■ Data section:
= = = = =
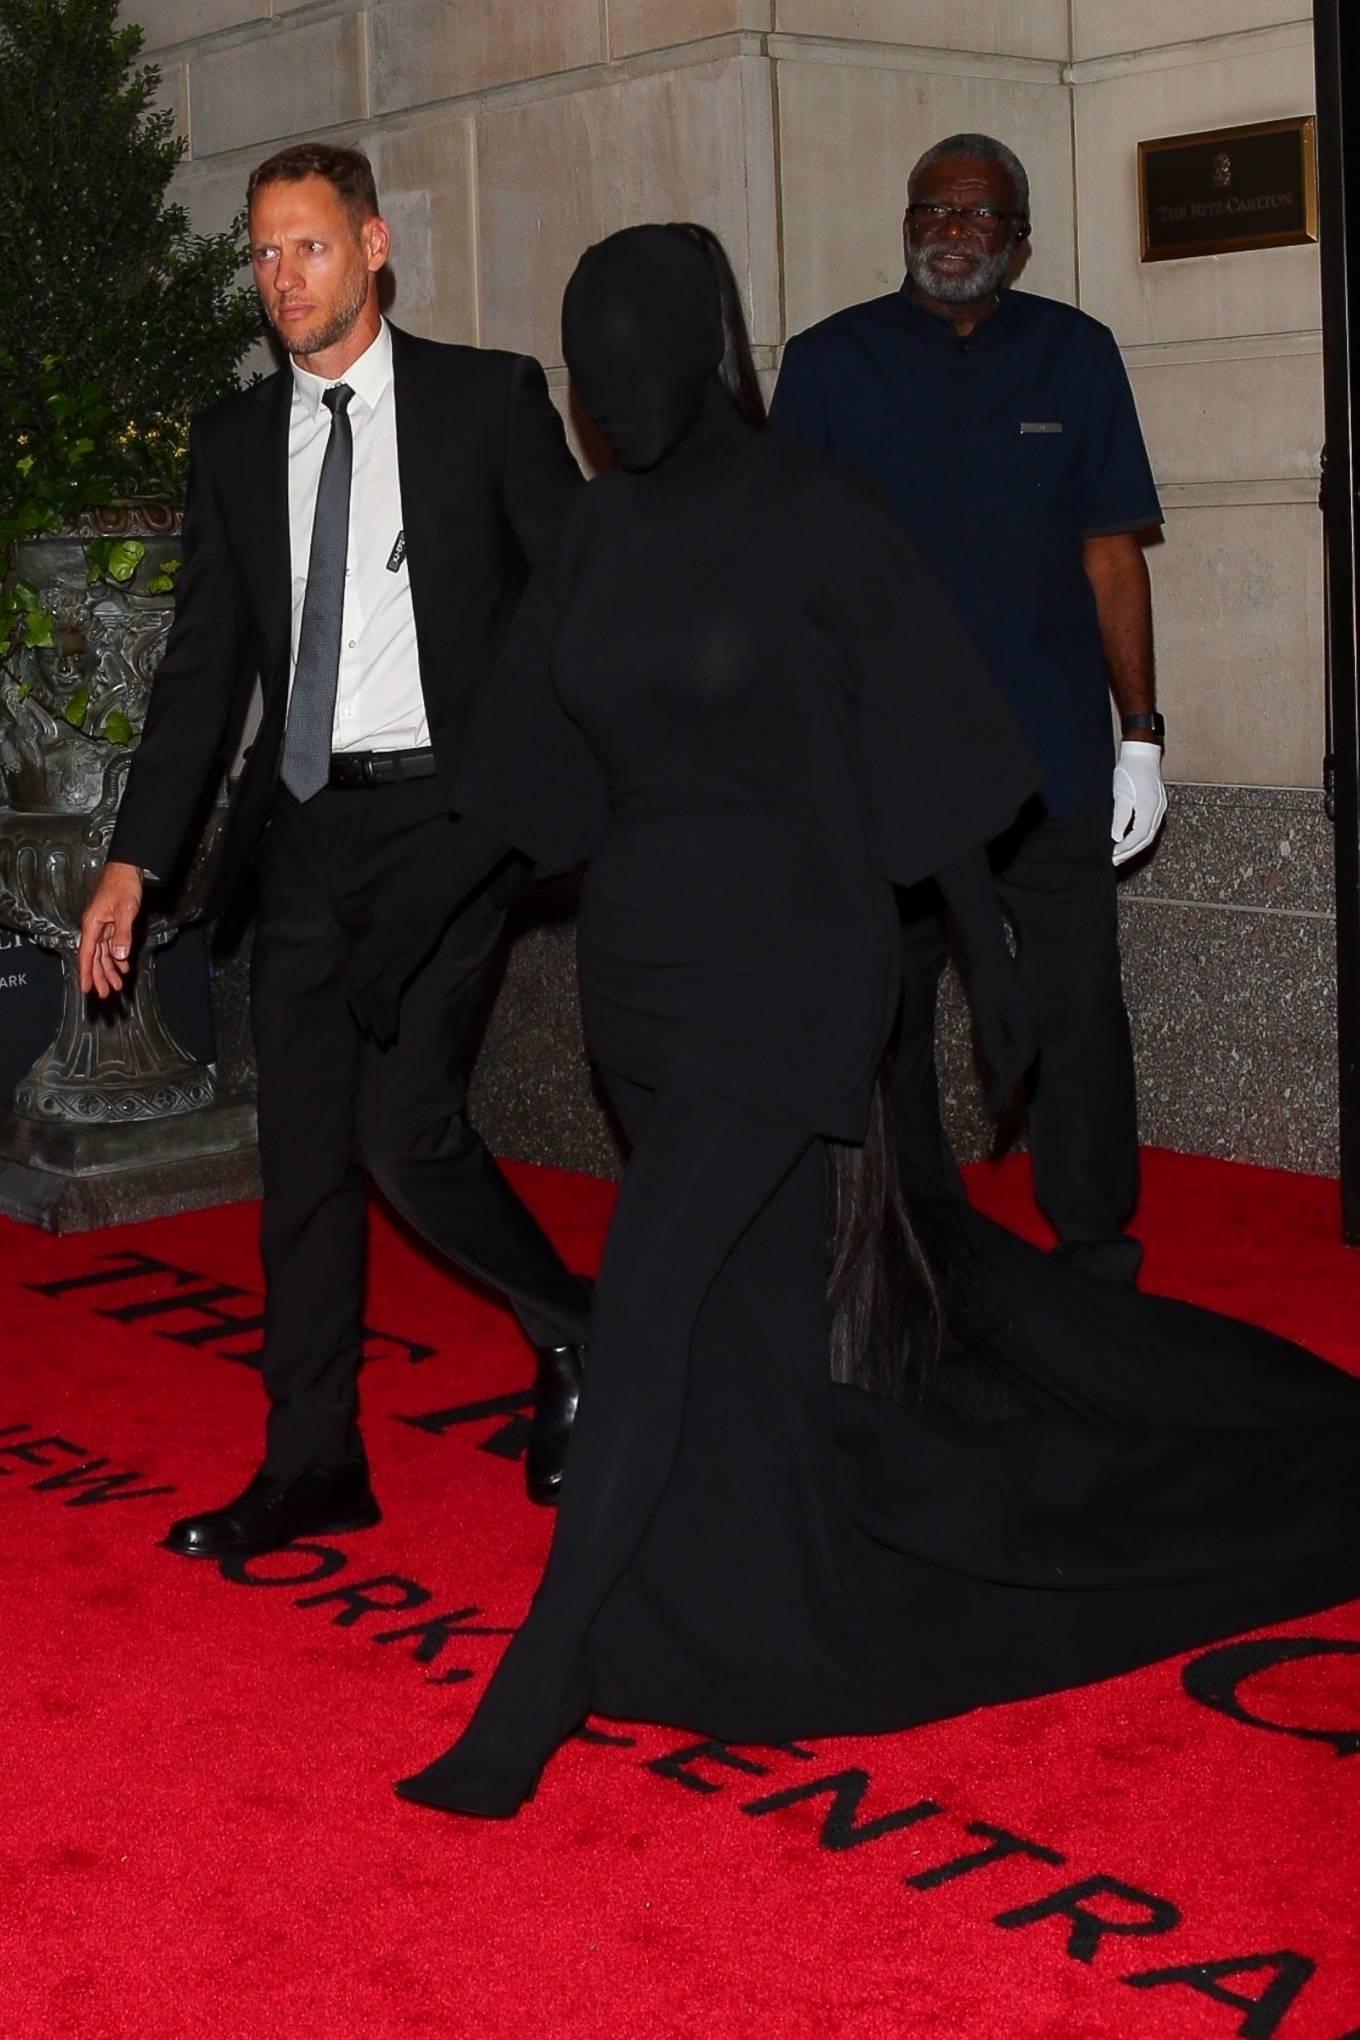 Kim Kardashian - Seen while exits The Ritz-Carlton hotel ahead of the Met Gala in New York
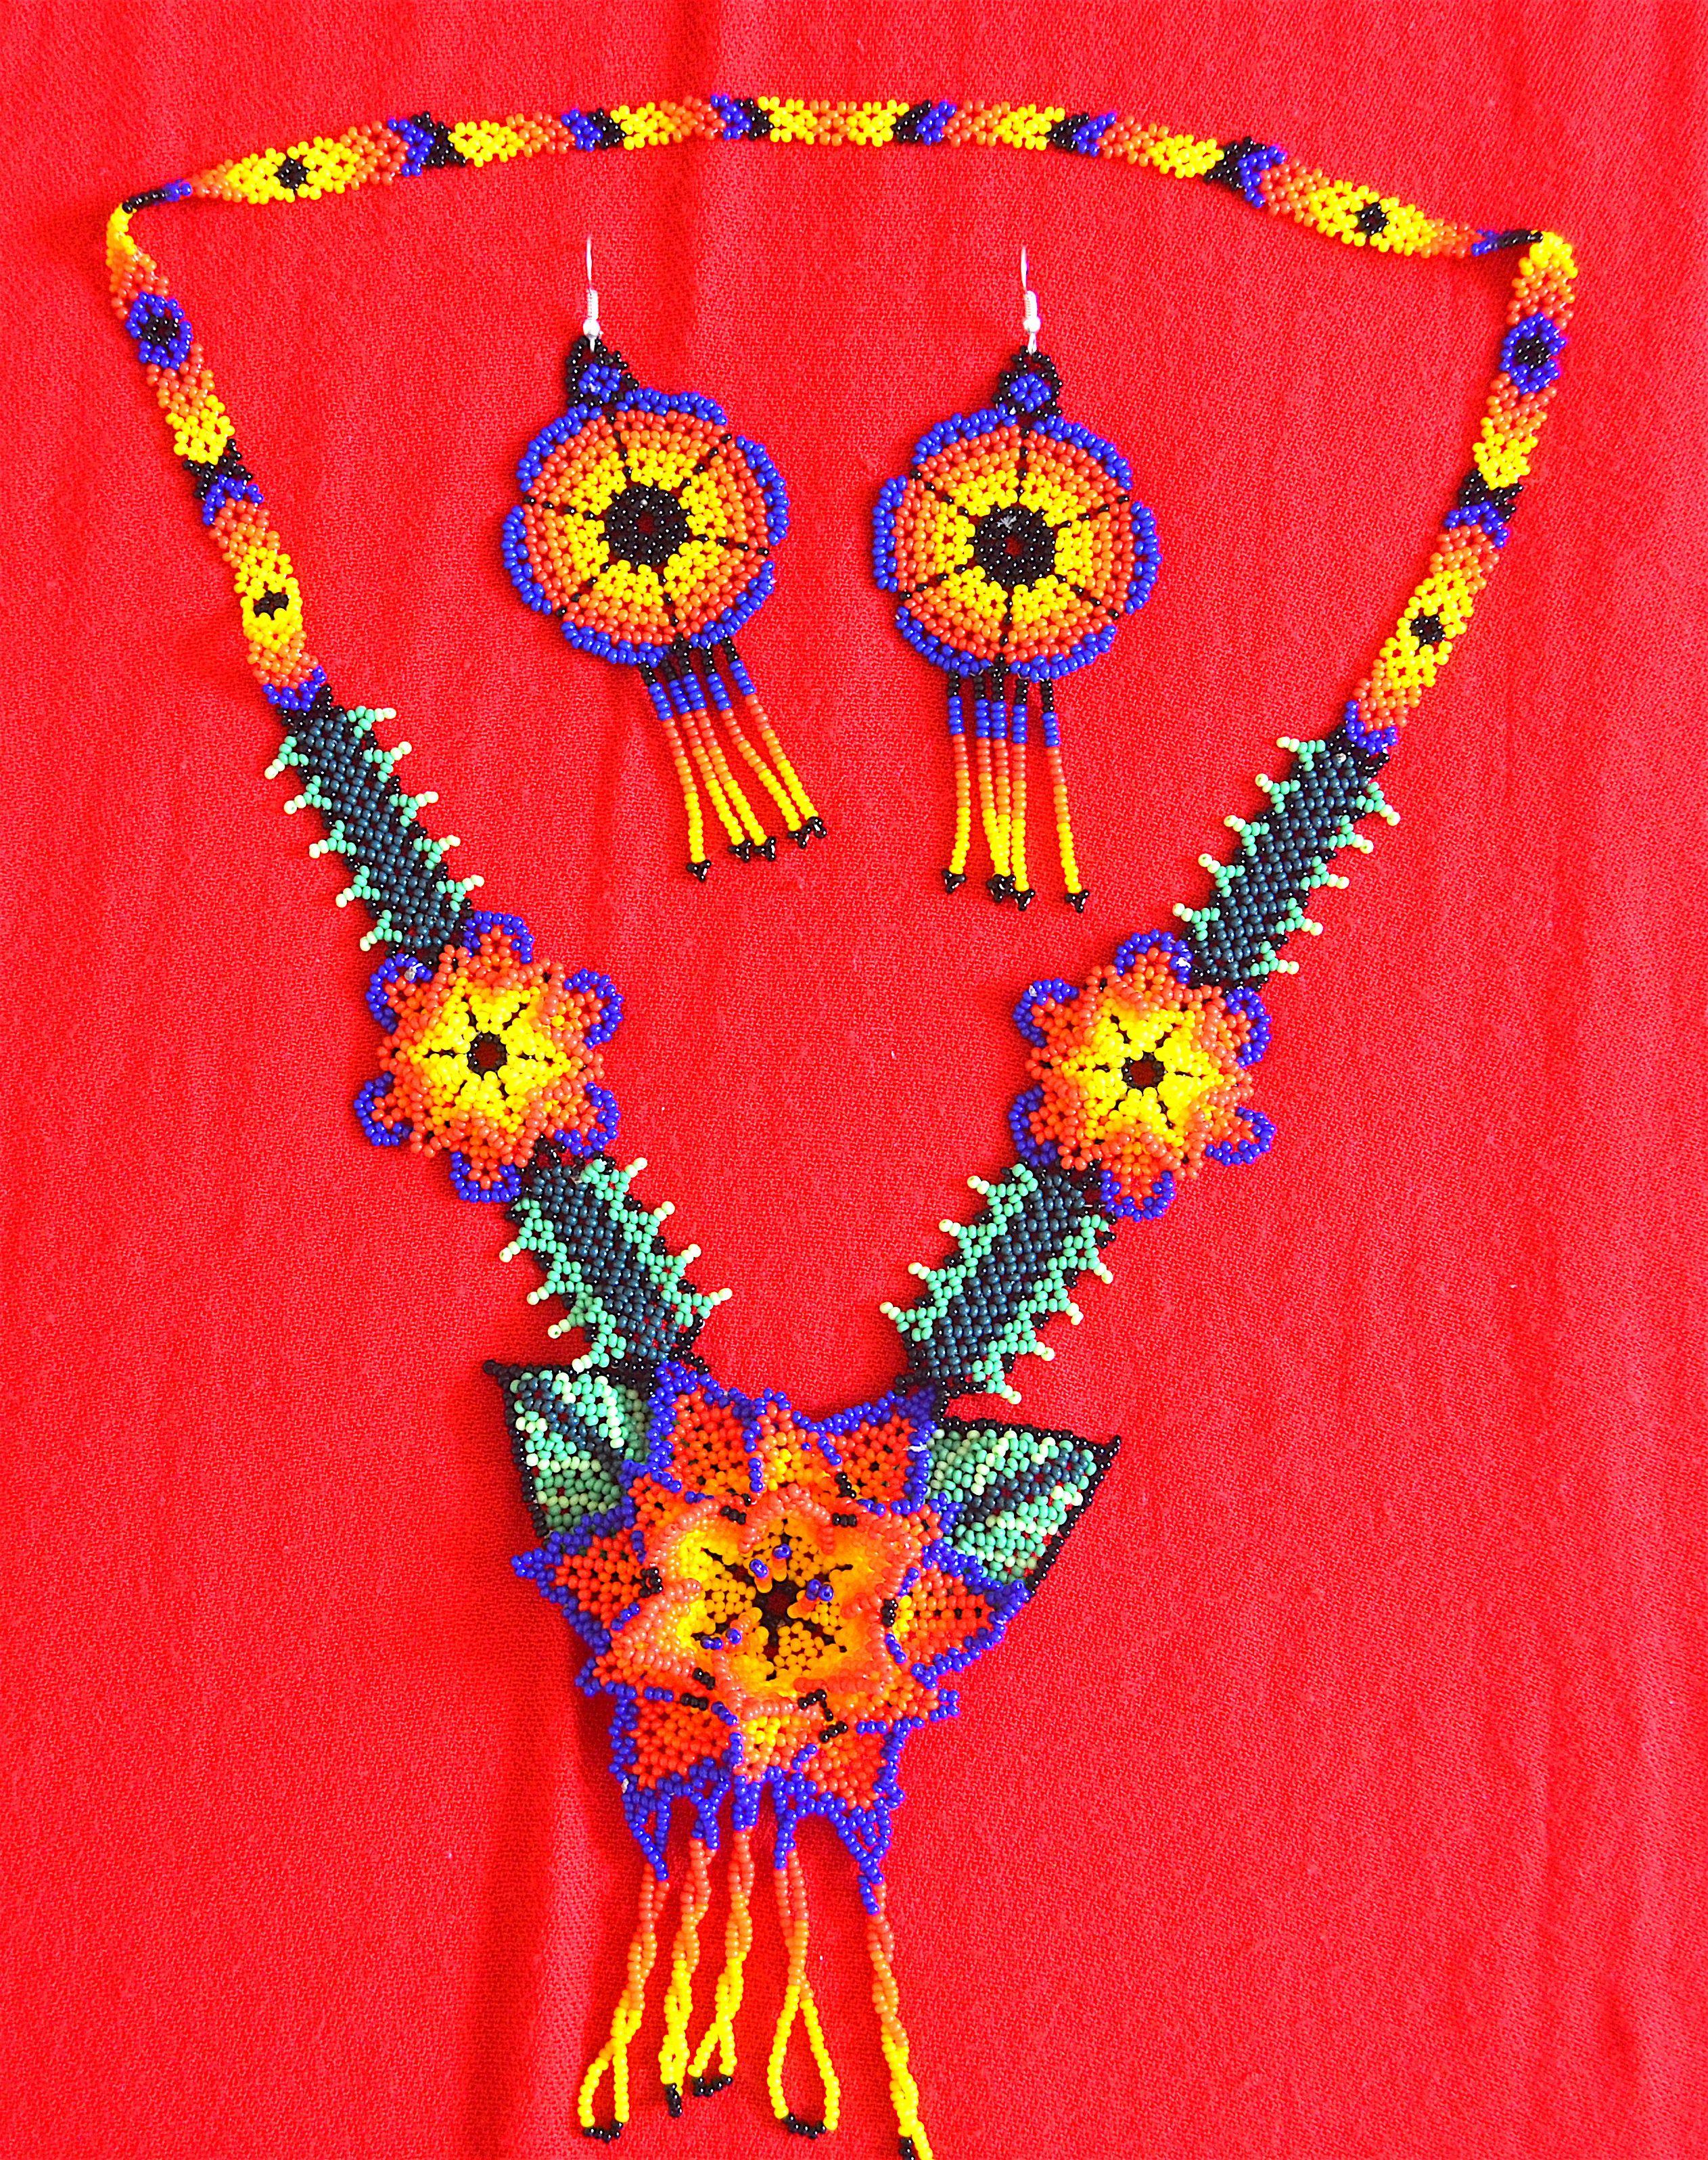 17e70ca90db4 Collar y aretes artesanales con material en chaquira
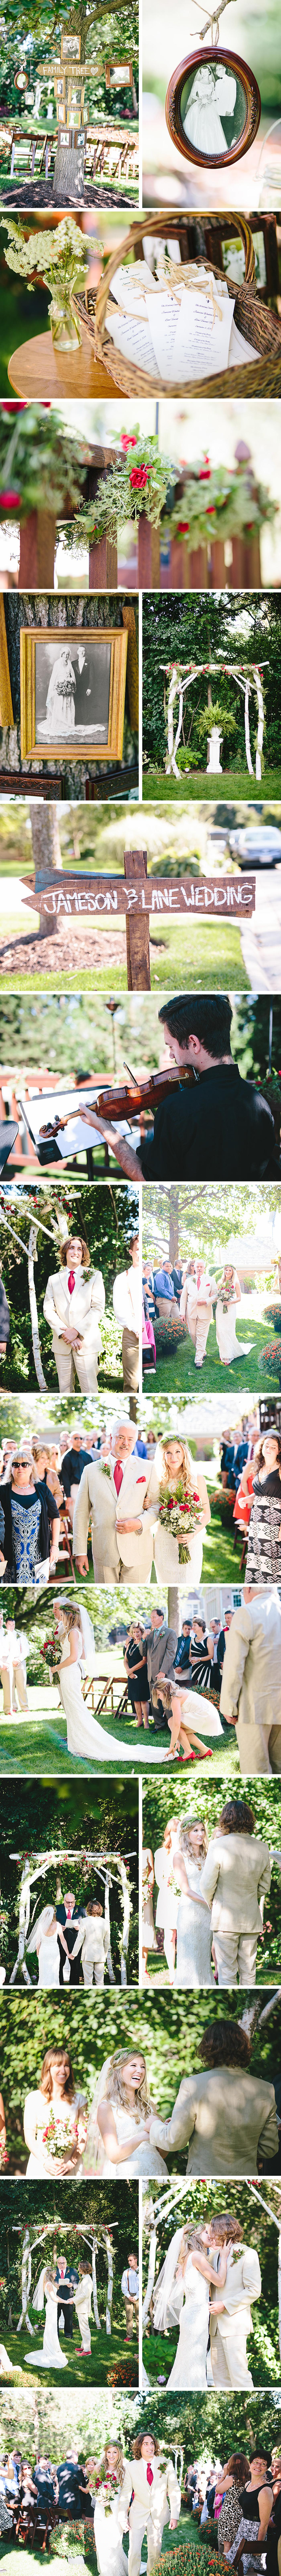 Chicago_Fine_Art_Wedding_Photography_nenn2.jpg
= = = = =
■ Task: Reproduce the listing exactly. Leave its pictures out.

■ Solved problem:
 Kim Kardashian - Seen while exits The Ritz-Carlton hotel ahead of the Met Gala in New York
 17e70ca90db4 Collar y aretes artesanales con material en chaquira
 Chicago_Fine_Art_Wedding_Photography_nenn2.jpg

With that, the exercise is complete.